Datasets#

Built-in dataset loaders for clinical trial scRNA-seq cohorts.

sctrial.datasets.categorize_celltype(ct: str) → str[source]#

Map fine-grained cell types to coarse lineages (COVID-19 example).

Parameters:: ct – Cell type string.
Returns:: Coarse lineage string.
Return type:: str

sctrial.datasets.count_paired(obs: DataFrame, visit_col: str, visits: Sequence[str], participant_col: str = 'participant_id') → int[source]#

Count participants with data at both visits.

Parameters:

obs – DataFrame containing the participant-visit data.
visit_col – Column name in obs to use for visit labels.
visits – Sequence of visit labels to check (e.g. [“baseline”, “followup”]).
participant_col – Column name in obs to use for participant IDs.

Returns:

Number of participants with data at both visits.

Return type:

int

Raises:

ValueError – If visits does not contain at least 2 labels (baseline and followup).

sctrial.datasets.ensure_fdr(df: DataFrame, p_col: str = 'p_time', fdr_col: str = 'FDR_time') → DataFrame[source]#

Add Benjamini-Hochberg FDR column for a p-value column.

Parameters:

df – DataFrame containing the p-value column.
p_col – Column name in df to use for p-value column.
fdr_col – Column name in df to use for FDR-corrected p-value column.

Returns:

A copy of the DataFrame with the FDR-corrected p-value column added.

Return type:

pd.DataFrame

sctrial.datasets.harmonize_response(adata: AnnData, *, force: bool = False) → AnnData[source]#

Create a response_harmonized column with consistent labels.

Maps various responder/non-responder column names and label formats (e.g. “R”/”NR”, “Responder”/”Non-responder”) to a standard vocabulary: "Responder" and "Non-responder".

Parameters:

adata (AnnData) – Must contain one of: response, Response, or clinical_response in .obs.
force (bool) – If True, recompute even when the column already exists.

Returns:

The input AnnData with response_harmonized added to .obs.

Return type:

AnnData

sctrial.datasets.load_aml(data_dir: str | None = None, processed_name: str = 'gse116256_aml_processed.h5ad', max_cells_per_sample: int | None = None, seed: int = 42, allow_download: bool = False, force_reprocess: bool = False) → AnnData[source]#

Load the van Galen AML chemotherapy dataset (GSE116256).

This dataset contains pre/post-chemotherapy bone marrow samples from AML patients with cell-type annotations and treatment-response metadata.

Parameters:

data_dir (str) – Directory containing (or to store) the data files.

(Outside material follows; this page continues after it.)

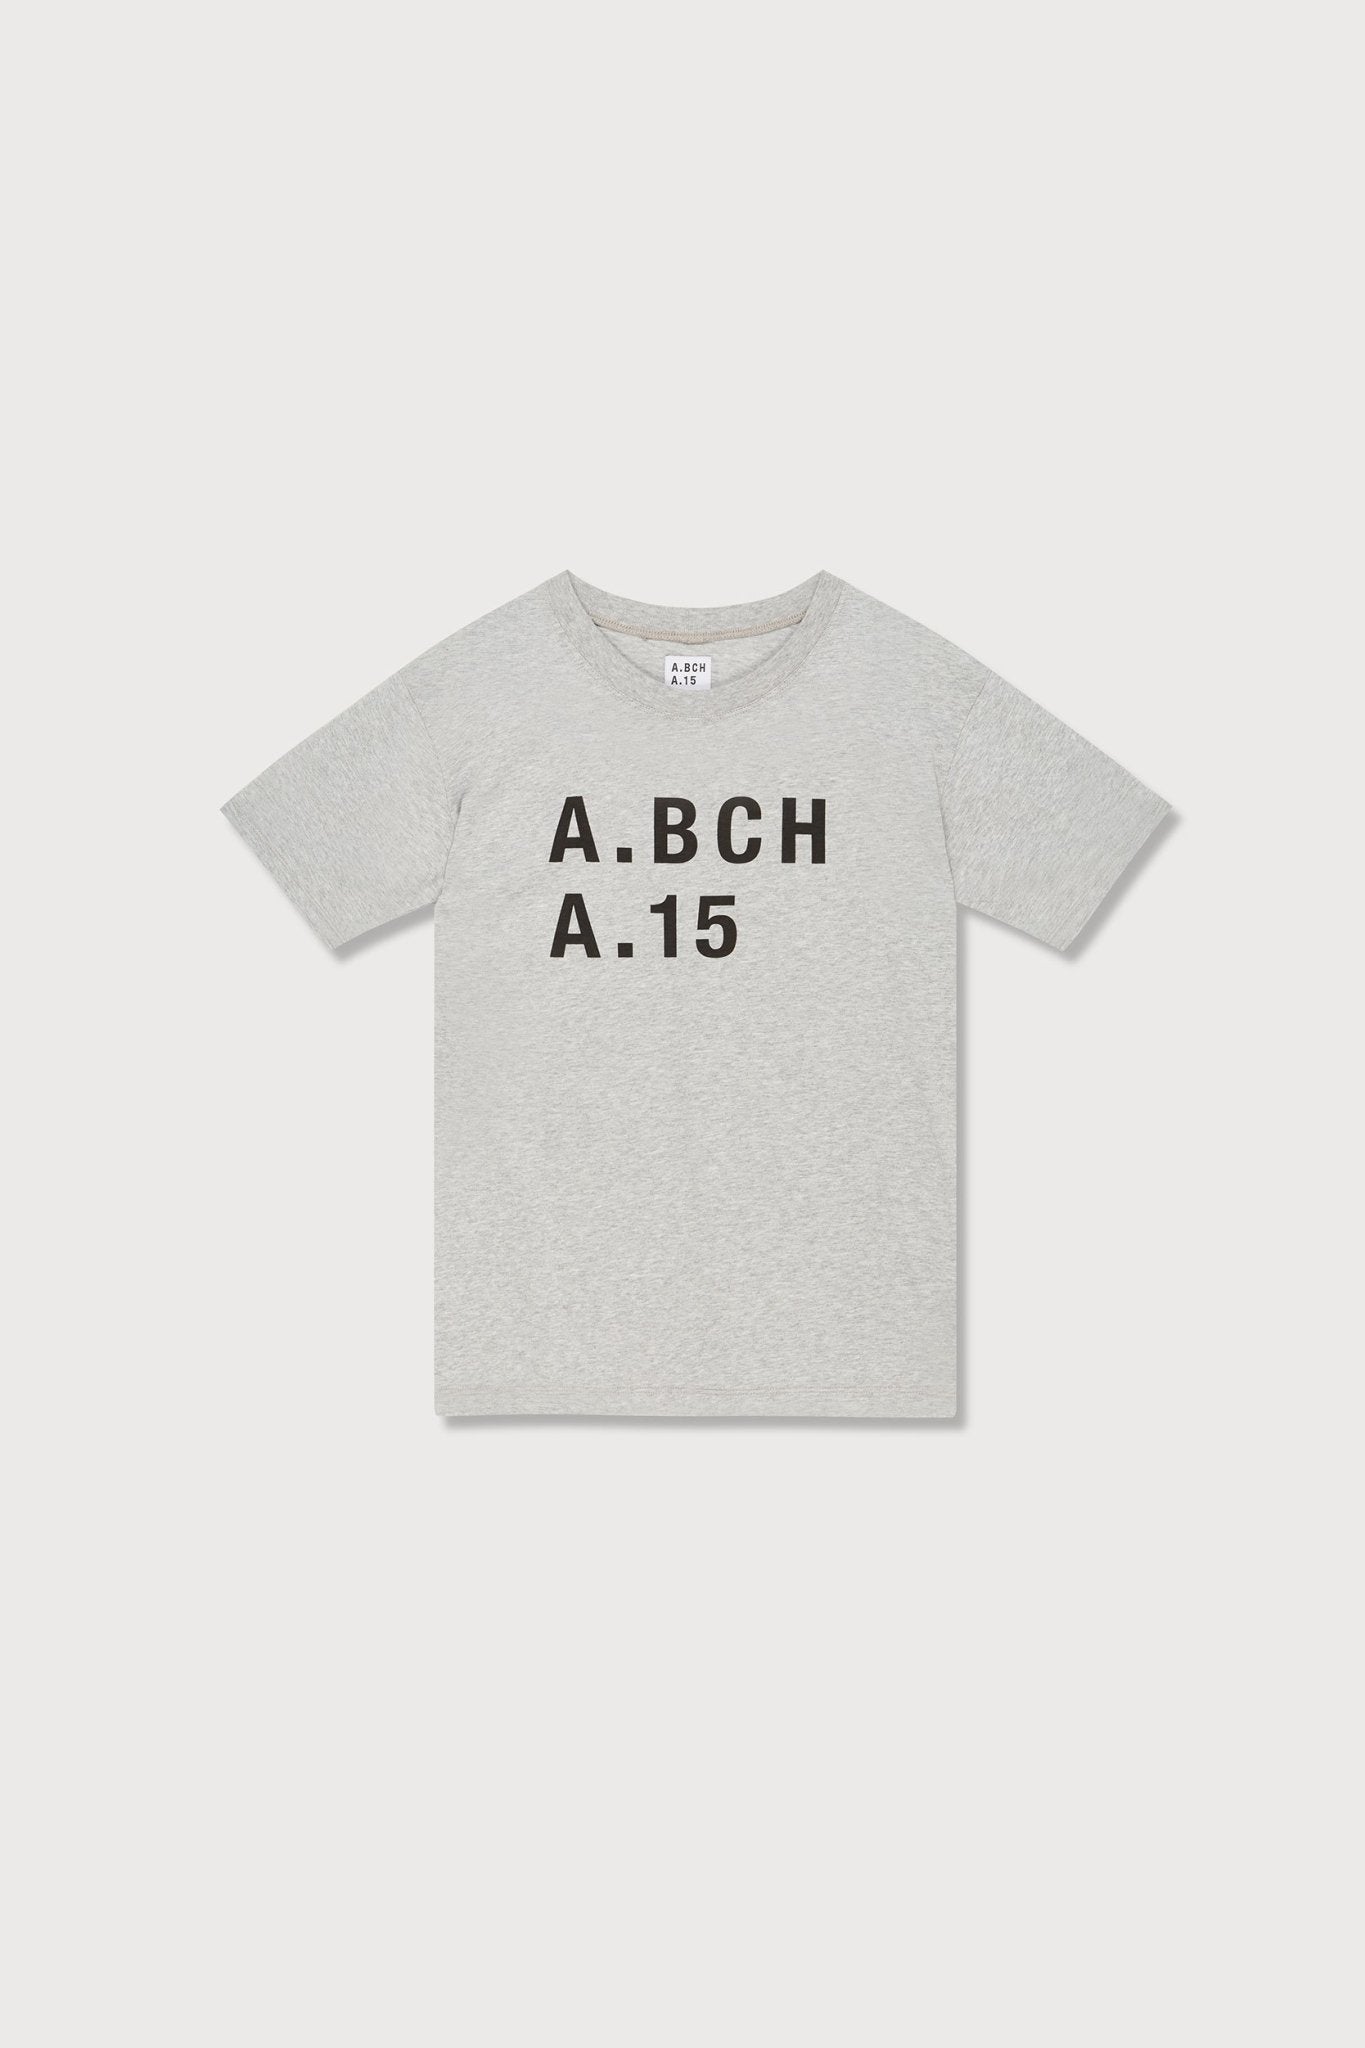 A.BCHA.15T-shirtA15-FT-CL-GY-XSXS

Raw files go in <data_dir>/raw/ and the processed cache in <data_dir>/processed/.
processed_name (str) – Filename for the cached processed h5ad file.
max_cells_per_sample (int) – Maximum cells to keep per sample after subsampling.
seed (int) – Random seed for reproducibility.
allow_download (bool) – If True, download raw data from GEO when not found locally.
force_reprocess (bool) – If True, reprocess even when a cached file exists.

Returns:

The processed AnnData object.

Return type:

AnnData

Notes

The raw data is automatically downloaded from GEO when allow_download=True: https://www.ncbi.nlm.nih.gov/geo/query/acc.cgi?acc=GSE116256

Reference: van Galen et al., Cell 2019.

Examples

>>> adata = sctrial.load_aml(allow_download=True)

sctrial.datasets.load_cart(data_dir: str | None = None, processed_name: str = 'gse290722_cart_processed.h5ad', max_cells_per_sample: int | None = None, seed: int = 42, allow_download: bool = False, force_reprocess: bool = False) → AnnData[source]#

Load the CAR-T cell therapy dataset (GSE290722).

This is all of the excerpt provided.